The figure below presents a typical cyber analytics process.
Figure 1.
Typical analytics process
Different analytics applications will be the consumers of the data collected and processed in the preceding stages. Suppose the analytics applications and consequent processes are time sensitive. In that case, the data collection stage must make the ingested data available as quickly as possible, while at the same time collecting sufficient data on which to form accurate inferences.
While detection capability remains key in any cyber response system, the timeliness of the detection is even more paramount as attacks detected too late would have caused significant damage by the re-action time.
This paper presents a data collection framework that enables the real time detection and response of cyber threats. The near total elimination of local long-term storage of collected data saves significant time cost complexity. The use of state-of-the-art real time streaming technologies ensures that data is available to analytics applications as soon as practically possible, enabling our analytics applications to implement real-time reactions.
The innovation of our solution comes in several ways. Firstly, the system ingests from multiple source types including external cyber threat intelligence. This improves the maturity capability of the overall security operations. Secondly, the architecture improves the storage layer by allowing in-memory analytics, which improves the overall detection and response time. Further, the architecture embraces modern technologies to enable real time streaming and analysis of security events, mitigating technology limitations prevalent in the state-of-the-art solutions.

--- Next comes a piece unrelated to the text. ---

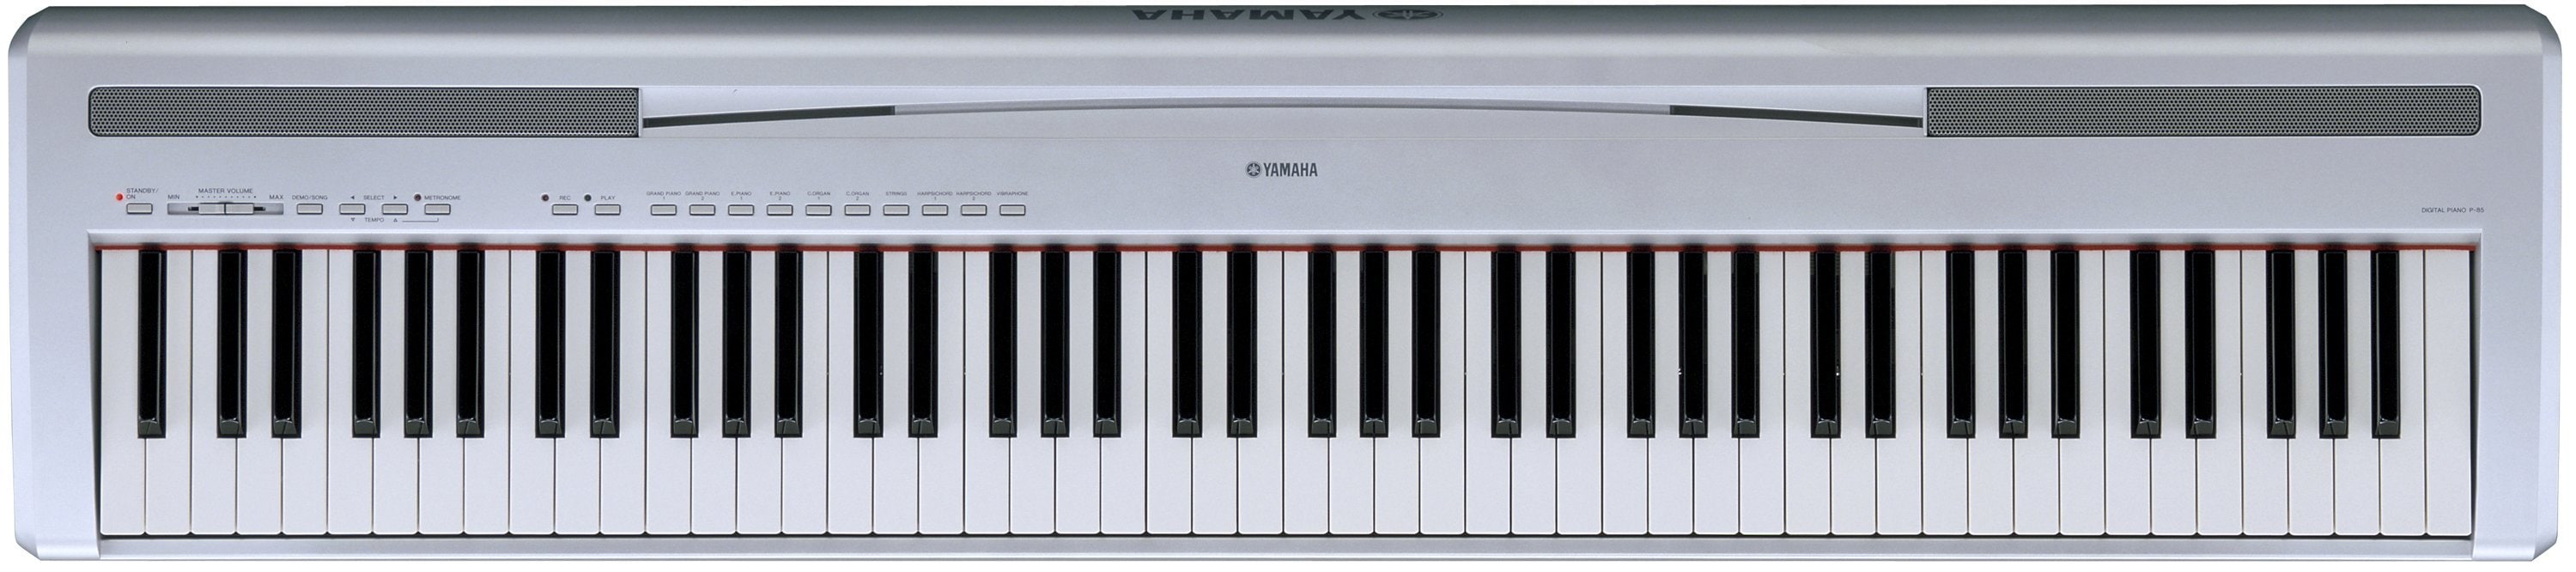 YAMAHA 電子ピアノ P-85  L-85 LP-5 スタンド ペダルセット 鍵盤楽器 最新デザインの
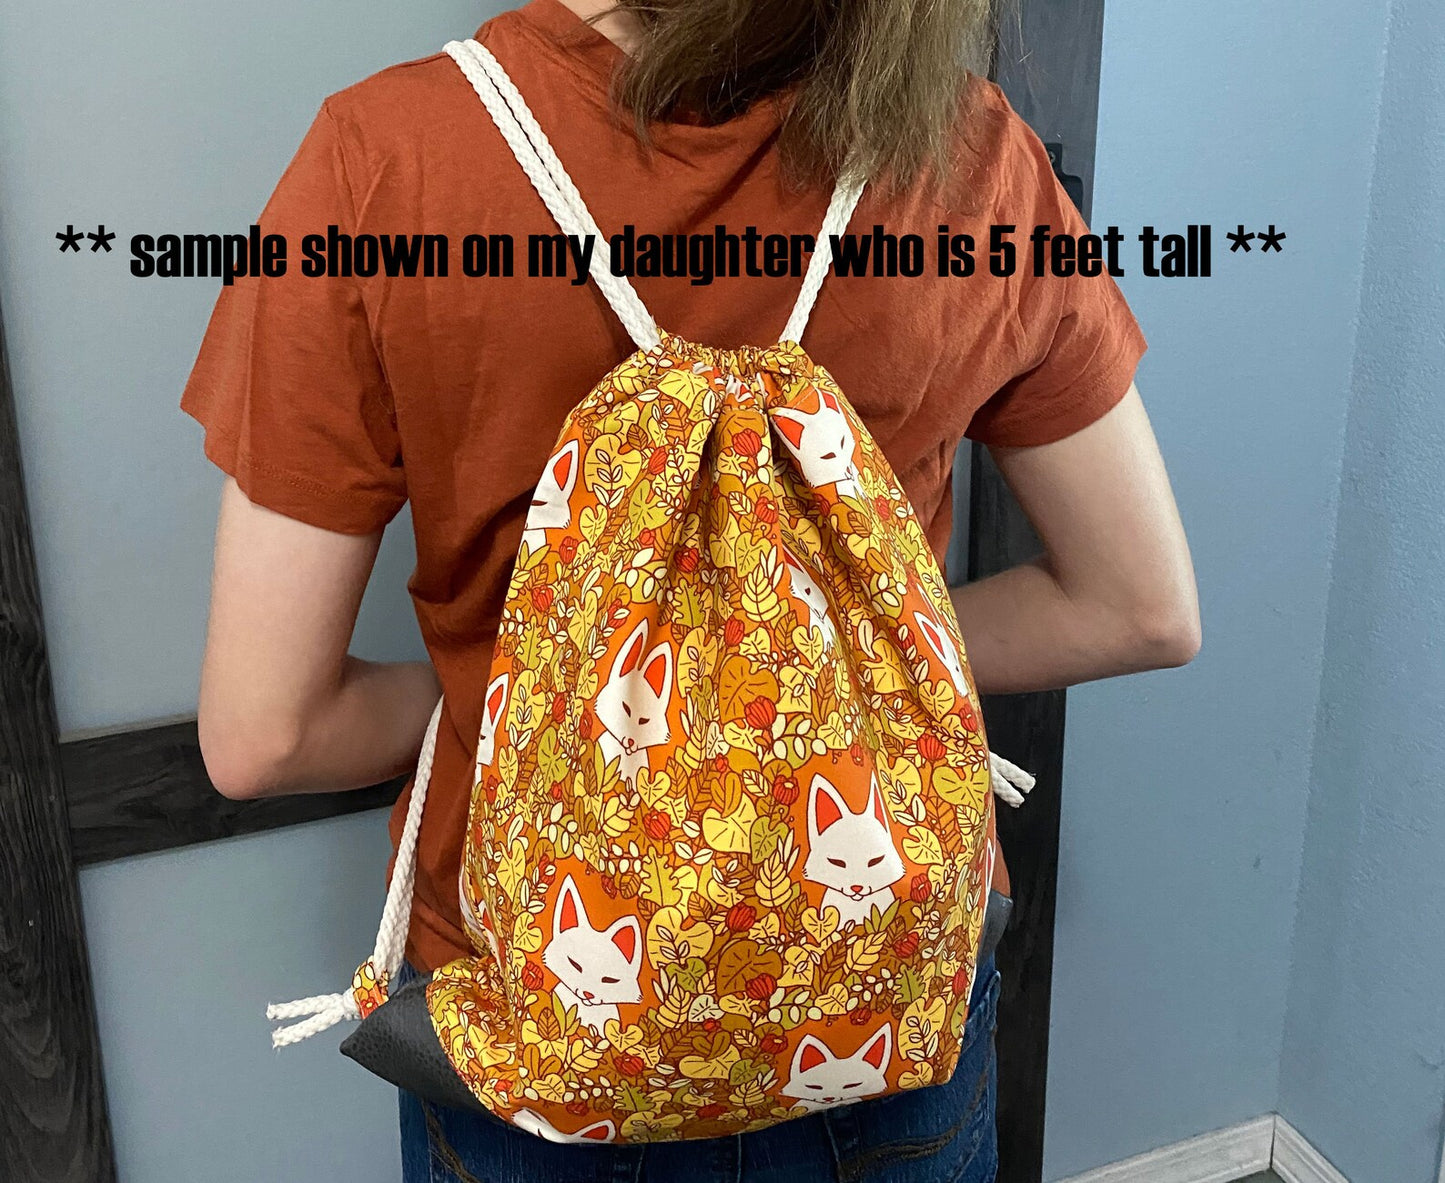 Dragon Drawstring Bag - Handmade Drawstring Bag – Drawstring Backpack - On the Go Bag - Overnight Bag

Our contribution is a flexible, scalable, expansible, and multi-source collection architecture and framework for data collection that enables timely detection of security threats and response.
The rest of this paper is organized as follows:
First, we review some of the recent research in data collection for cyber security, where we critically analyze and highlight the research gaps this paper addresses. Then we present our proposed framework, highlighting the architectural pillars that differentiate our work. We then illustrate an implementation based on our Framework, followed by experimentation and results. We conclude this work and propose some future work.
TopVarious research on data collection methods and technologies can be found in the research literature.
The collection module proposed in (Razaq et al., 2016) populates security-related data in a local MySQL database, after which a Hadoop snoop job exports the data to an off-shore data store based on Hadoop File System. Analytics applications then run atop the data in the Hadoop system.
The real-time cyber threat detection platform in (Carvalho et al., 2016) collects data from both internal and external sources. After some pre-processing, the data is loaded into multiple databases according to data type (Malware Database, Social Media Database, Email Database, etc.). Big data analytics is then deployed using machine learning algorithms that train and detect threats in real-time data flows.
Open Source technologies are used in (R. More et al., 2017) to detect threats in real time. Captured Sensor data is uploaded to Apache Hadoop Clusters before being trained and classified using Apache Mahout.